Copy exactly, please, each line of the data below until the line that contains "Guy Berryman: I'm" has been copied, beginning at the top.

════════

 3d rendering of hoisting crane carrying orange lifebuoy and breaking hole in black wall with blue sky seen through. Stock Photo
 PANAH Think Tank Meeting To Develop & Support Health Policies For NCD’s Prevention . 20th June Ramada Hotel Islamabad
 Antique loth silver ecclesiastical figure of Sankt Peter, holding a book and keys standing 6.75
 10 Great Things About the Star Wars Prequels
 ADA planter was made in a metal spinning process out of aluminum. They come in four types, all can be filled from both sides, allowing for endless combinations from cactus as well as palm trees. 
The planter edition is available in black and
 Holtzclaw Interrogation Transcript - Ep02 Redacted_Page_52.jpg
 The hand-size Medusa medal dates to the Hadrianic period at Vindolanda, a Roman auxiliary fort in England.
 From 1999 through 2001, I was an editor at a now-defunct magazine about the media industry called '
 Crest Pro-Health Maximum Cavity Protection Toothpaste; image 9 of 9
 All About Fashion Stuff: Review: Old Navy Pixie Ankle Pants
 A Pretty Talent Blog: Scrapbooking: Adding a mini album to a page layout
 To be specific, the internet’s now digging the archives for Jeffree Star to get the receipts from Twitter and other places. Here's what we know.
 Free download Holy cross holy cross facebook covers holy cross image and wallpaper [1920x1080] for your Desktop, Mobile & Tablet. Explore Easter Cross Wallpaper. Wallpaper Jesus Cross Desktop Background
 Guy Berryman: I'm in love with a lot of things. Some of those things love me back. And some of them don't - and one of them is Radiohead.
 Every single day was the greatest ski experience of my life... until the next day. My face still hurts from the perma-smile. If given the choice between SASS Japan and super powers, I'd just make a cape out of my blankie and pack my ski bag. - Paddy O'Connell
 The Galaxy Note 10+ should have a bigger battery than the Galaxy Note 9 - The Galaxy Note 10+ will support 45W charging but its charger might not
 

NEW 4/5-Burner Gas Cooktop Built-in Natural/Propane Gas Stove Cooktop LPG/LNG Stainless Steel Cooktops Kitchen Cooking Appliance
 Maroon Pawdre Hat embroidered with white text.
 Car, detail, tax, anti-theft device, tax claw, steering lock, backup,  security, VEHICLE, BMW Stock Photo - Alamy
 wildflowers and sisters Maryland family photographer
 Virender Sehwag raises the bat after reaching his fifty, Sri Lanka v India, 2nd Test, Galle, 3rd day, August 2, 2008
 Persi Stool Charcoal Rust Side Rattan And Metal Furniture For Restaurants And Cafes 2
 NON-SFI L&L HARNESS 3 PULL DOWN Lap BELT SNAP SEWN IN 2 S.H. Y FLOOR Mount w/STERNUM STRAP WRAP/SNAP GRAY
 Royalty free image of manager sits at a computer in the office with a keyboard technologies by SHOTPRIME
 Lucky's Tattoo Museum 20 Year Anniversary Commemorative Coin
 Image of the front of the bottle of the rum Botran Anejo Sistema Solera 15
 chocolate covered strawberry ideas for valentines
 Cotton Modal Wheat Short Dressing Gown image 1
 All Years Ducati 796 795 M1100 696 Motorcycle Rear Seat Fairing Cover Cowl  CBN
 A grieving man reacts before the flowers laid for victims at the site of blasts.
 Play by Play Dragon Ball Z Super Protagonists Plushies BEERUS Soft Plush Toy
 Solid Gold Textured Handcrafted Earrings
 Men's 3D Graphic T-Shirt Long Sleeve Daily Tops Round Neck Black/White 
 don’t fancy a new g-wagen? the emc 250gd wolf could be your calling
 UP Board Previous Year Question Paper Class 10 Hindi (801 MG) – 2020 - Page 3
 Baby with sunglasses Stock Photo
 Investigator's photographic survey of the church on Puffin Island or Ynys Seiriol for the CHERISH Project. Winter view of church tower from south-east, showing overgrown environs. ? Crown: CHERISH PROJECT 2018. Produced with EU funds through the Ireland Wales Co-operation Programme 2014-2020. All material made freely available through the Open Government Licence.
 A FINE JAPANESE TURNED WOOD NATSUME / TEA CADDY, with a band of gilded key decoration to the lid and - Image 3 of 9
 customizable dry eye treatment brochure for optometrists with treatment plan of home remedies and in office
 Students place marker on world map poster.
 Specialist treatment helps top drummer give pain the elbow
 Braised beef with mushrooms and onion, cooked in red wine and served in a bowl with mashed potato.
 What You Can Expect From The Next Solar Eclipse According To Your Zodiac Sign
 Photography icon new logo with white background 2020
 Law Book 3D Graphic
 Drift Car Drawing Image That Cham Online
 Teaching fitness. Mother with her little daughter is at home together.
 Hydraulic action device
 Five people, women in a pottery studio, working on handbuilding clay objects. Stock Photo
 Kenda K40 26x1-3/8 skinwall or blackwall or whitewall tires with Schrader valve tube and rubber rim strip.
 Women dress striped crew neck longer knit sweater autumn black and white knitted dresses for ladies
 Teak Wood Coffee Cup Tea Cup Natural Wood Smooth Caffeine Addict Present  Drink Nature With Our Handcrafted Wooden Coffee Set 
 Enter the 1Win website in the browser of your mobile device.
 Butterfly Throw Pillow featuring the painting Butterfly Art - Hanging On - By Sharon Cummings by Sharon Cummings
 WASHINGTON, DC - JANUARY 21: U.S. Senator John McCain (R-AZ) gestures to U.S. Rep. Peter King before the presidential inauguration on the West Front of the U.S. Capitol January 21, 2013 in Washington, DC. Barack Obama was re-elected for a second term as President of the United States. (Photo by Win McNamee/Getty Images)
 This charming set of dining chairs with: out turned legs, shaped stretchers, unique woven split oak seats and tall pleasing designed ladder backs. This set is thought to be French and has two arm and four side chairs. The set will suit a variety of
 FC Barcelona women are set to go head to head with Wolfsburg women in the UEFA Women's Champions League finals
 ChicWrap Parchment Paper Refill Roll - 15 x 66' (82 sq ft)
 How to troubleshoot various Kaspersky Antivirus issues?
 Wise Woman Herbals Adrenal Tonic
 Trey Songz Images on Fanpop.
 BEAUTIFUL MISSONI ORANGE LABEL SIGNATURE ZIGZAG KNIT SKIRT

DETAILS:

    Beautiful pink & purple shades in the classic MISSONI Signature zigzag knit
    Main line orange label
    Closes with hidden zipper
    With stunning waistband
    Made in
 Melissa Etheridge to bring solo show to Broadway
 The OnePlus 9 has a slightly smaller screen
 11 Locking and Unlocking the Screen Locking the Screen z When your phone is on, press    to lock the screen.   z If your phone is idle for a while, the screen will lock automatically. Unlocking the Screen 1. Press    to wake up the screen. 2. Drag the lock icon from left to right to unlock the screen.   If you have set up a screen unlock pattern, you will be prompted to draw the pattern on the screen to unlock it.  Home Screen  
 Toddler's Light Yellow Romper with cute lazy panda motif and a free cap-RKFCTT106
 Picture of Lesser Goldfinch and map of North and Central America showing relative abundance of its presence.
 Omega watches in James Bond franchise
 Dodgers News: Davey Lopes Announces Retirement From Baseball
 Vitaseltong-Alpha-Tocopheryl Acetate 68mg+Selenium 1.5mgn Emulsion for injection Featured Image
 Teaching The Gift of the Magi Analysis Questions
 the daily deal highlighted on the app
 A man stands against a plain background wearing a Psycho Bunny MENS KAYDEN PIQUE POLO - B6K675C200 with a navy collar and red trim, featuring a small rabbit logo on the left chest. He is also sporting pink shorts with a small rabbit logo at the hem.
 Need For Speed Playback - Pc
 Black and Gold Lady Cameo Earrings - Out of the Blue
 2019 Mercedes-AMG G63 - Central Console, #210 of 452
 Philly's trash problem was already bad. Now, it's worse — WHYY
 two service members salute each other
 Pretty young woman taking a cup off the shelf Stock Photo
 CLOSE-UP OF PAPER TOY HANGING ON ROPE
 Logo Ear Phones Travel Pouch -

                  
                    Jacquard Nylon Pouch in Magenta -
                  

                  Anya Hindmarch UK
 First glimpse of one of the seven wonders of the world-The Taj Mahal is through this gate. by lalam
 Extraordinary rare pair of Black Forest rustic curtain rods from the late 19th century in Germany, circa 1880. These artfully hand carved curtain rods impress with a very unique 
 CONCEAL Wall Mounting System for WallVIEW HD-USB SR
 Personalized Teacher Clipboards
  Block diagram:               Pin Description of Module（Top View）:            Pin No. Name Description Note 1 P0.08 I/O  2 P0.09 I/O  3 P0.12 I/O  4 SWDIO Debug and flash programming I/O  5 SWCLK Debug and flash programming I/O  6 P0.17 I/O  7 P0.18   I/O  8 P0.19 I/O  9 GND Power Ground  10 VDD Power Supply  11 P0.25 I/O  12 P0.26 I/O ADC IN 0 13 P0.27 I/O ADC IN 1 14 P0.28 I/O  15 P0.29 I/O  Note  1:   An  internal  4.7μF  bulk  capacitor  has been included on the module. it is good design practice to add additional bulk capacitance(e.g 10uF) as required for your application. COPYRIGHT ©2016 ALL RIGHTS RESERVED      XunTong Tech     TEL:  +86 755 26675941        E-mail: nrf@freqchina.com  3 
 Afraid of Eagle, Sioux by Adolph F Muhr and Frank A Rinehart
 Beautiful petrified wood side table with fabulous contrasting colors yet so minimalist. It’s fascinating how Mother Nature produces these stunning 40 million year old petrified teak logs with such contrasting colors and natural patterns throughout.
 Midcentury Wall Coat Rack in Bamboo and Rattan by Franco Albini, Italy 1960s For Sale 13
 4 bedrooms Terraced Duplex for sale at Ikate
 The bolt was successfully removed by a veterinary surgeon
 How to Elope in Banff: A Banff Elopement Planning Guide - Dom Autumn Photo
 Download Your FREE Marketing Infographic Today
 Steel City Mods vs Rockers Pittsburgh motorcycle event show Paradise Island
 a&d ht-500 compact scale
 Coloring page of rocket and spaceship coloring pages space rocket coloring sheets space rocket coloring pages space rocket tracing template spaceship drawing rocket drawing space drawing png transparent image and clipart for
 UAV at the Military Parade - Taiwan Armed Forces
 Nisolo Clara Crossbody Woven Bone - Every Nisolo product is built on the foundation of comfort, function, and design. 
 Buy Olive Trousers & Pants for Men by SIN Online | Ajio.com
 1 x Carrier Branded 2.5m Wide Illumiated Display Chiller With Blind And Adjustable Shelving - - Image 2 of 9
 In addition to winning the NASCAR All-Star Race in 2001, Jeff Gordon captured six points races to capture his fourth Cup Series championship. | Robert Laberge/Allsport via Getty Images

════════

▶ _Written reply_
 3d rendering of hoisting crane carrying orange lifebuoy and breaking hole in black wall with blue sky seen through. Stock Photo
 PANAH Think Tank Meeting To Develop & Support Health Policies For NCD’s Prevention . 20th June Ramada Hotel Islamabad
 Antique loth silver ecclesiastical figure of Sankt Peter, holding a book and keys standing 6.75
 10 Great Things About the Star Wars Prequels
 ADA planter was made in a metal spinning process out of aluminum. They come in four types, all can be filled from both sides, allowing for endless combinations from cactus as well as palm trees. 
The planter edition is available in black and
 Holtzclaw Interrogation Transcript - Ep02 Redacted_Page_52.jpg
 The hand-size Medusa medal dates to the Hadrianic period at Vindolanda, a Roman auxiliary fort in England.
 From 1999 through 2001, I was an editor at a now-defunct magazine about the media industry called '
 Crest Pro-Health Maximum Cavity Protection Toothpaste; image 9 of 9
 All About Fashion Stuff: Review: Old Navy Pixie Ankle Pants
 A Pretty Talent Blog: Scrapbooking: Adding a mini album to a page layout
 To be specific, the internet’s now digging the archives for Jeffree Star to get the receipts from Twitter and other places. Here's what we know.
 Free download Holy cross holy cross facebook covers holy cross image and wallpaper [1920x1080] for your Desktop, Mobile & Tablet. Explore Easter Cross Wallpaper. Wallpaper Jesus Cross Desktop Background
 Guy Berryman: I'm in love with a lot of things. Some of those things love me back. And some of them don't - and one of them is Radiohead.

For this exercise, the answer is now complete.